1. A crushing mill for crushing brittle material for subsequent grinding comprising at least one rotary cylindrical crushing roll having an outer surface provided with a coating of wear-resistant material, characterised in that said coating is formed by a substantially uniform cross-section strip of said wear-resistant material helically wound on and secured to said roll, adjacent convolutions of said wound strip engaging one another to avoid the presence of a gap between said adjacent convolutions.

2. The mill according to claim 1 wherein said mill has two rolls rotatable in opposite directions, and means pressing at high pressure one of said rolls toward the other, each of said rolls having on its surface said strip.

3. The mill according to claim 1 wherein said mill comprises a grinding table and at least one crushing roll on which said strip is wound.

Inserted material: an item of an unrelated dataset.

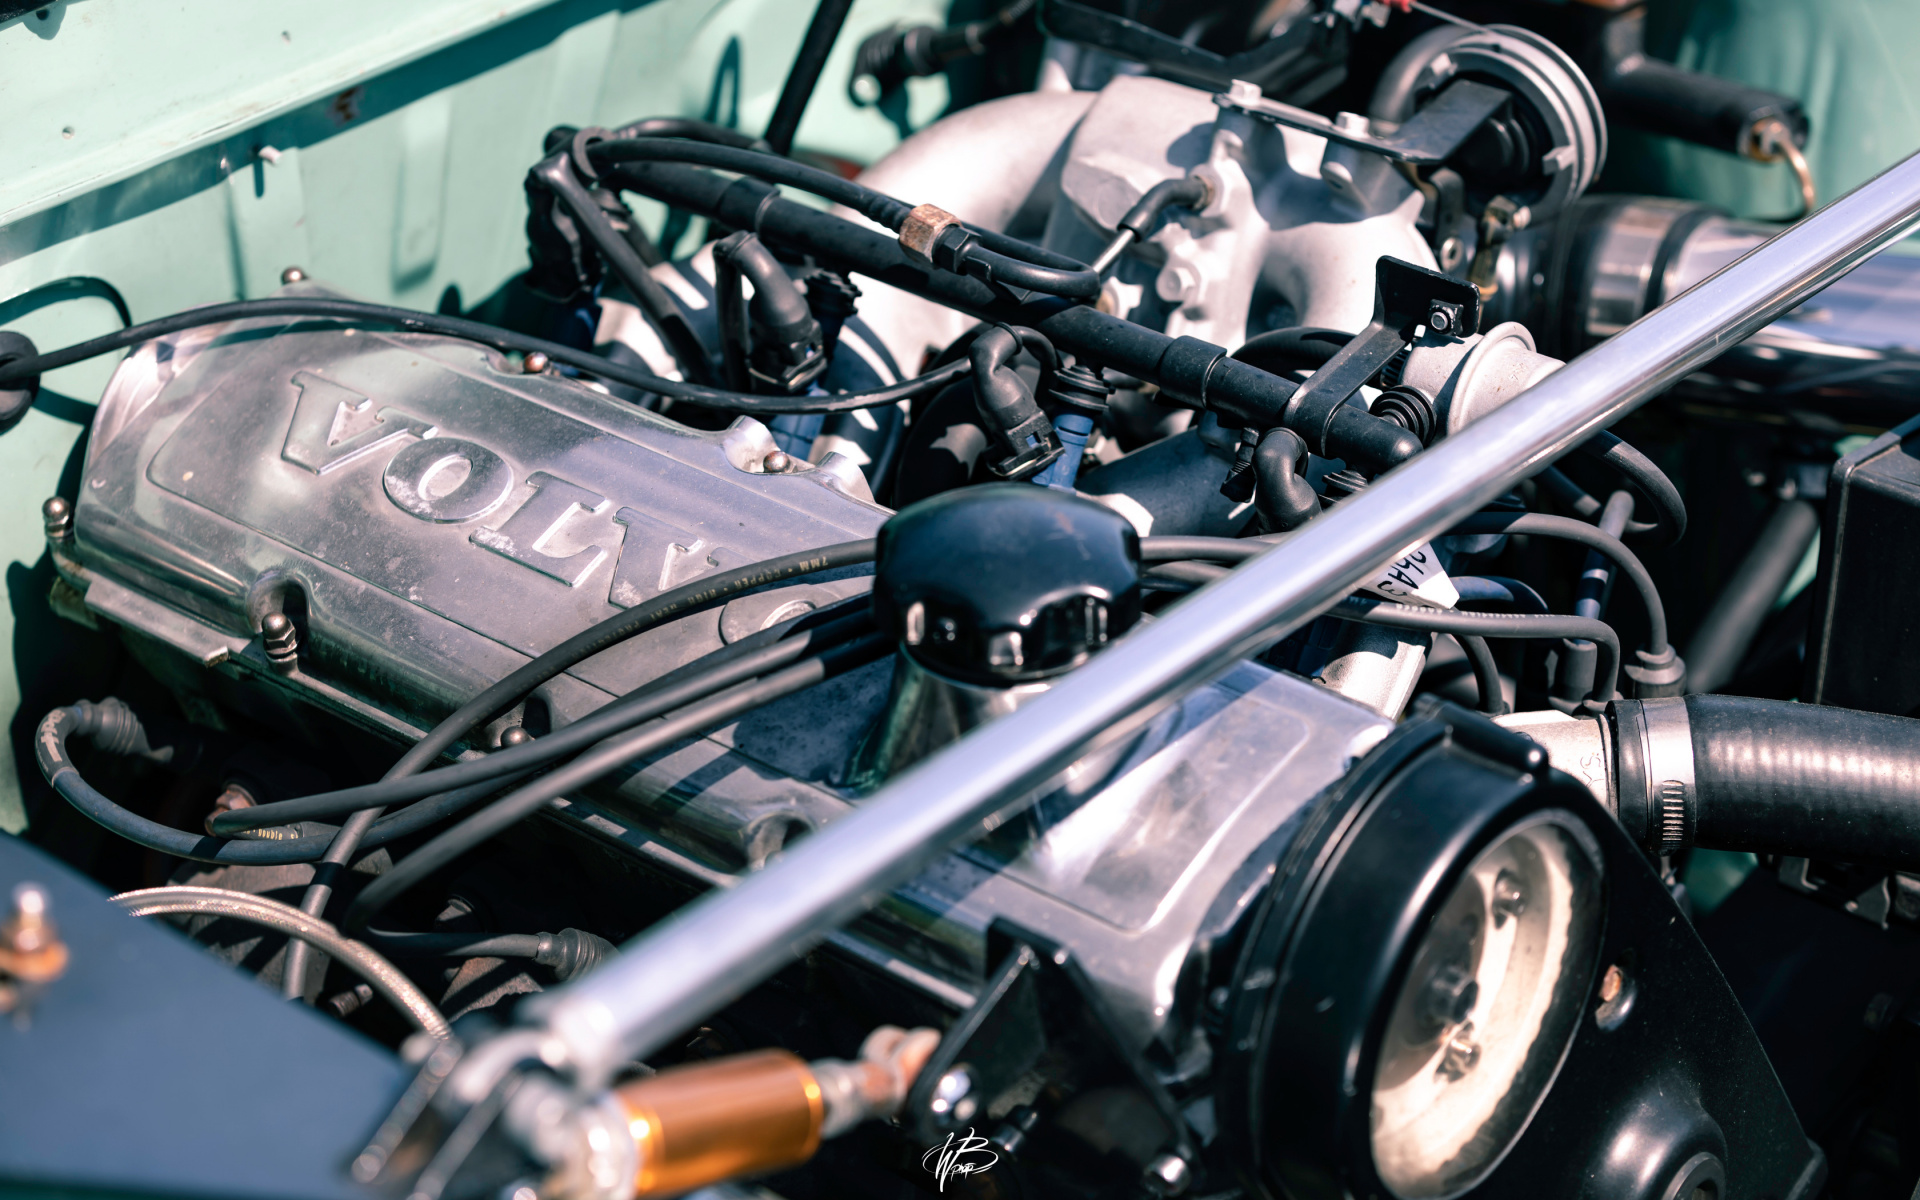 AC86EC12-69AF-4CC5-8E3B-6483E2E33904.jpeg

4. The mill according to claim 1 wherein said wound strip is set with a part of its cross-section snugly accommodated in recesses in the surface of said roll.

5. The mill according to claim 1 wherein said roll has two end faces and wherein at each of the two end faces the wound strip butts against a flange having an external diameter corresponding to that of the wound strip.

6. The mill according to claim 5 wherein said flange has a groove-shaped recess to receive one end of the wound strip.

7. The mill according to claim 6 wherein said one end of the wound strip is bent backwards in a hook shape and fixed in the recess in the flange.

8. The mill according to claim 6 wherein said wound strip has its other end accommodated in an adjacent recess in said flange.

9. The mill according to claim 5 wherein said flange is provided with wear resistant means on its outer surface.

10. The mill according to claim 5 wherein said flange has an area of contact which butts against the wound strip and is inclined with respect to the axis of rotation of said roll according to the pitch of the wound strip and has a step which extends in the axial direction at the peripheral point of said flange at which the wound strip emerges from or enters the latter.

11. The mill according to claim 1 wherein said wound strip is composed of multiple, parallel strands.

12. The mill according to claim 1 wherein said wound strip has a surface profile on its outer face.

13. A crushing mill for crushing brittle material for subsequent grinding comprising at least one rotary cylindrical crushing roll terminating at its opposite ends in peripheral flanges, and a continuous strip of wear-resistant material helically wound on said roll and spanning the distance between said flanges, adjacent convolutions of said wound strip engaging one another to avoid the presence of a gap between said adjacent convolutions and the external diameter of said wound strip corresponding to that of said flanges.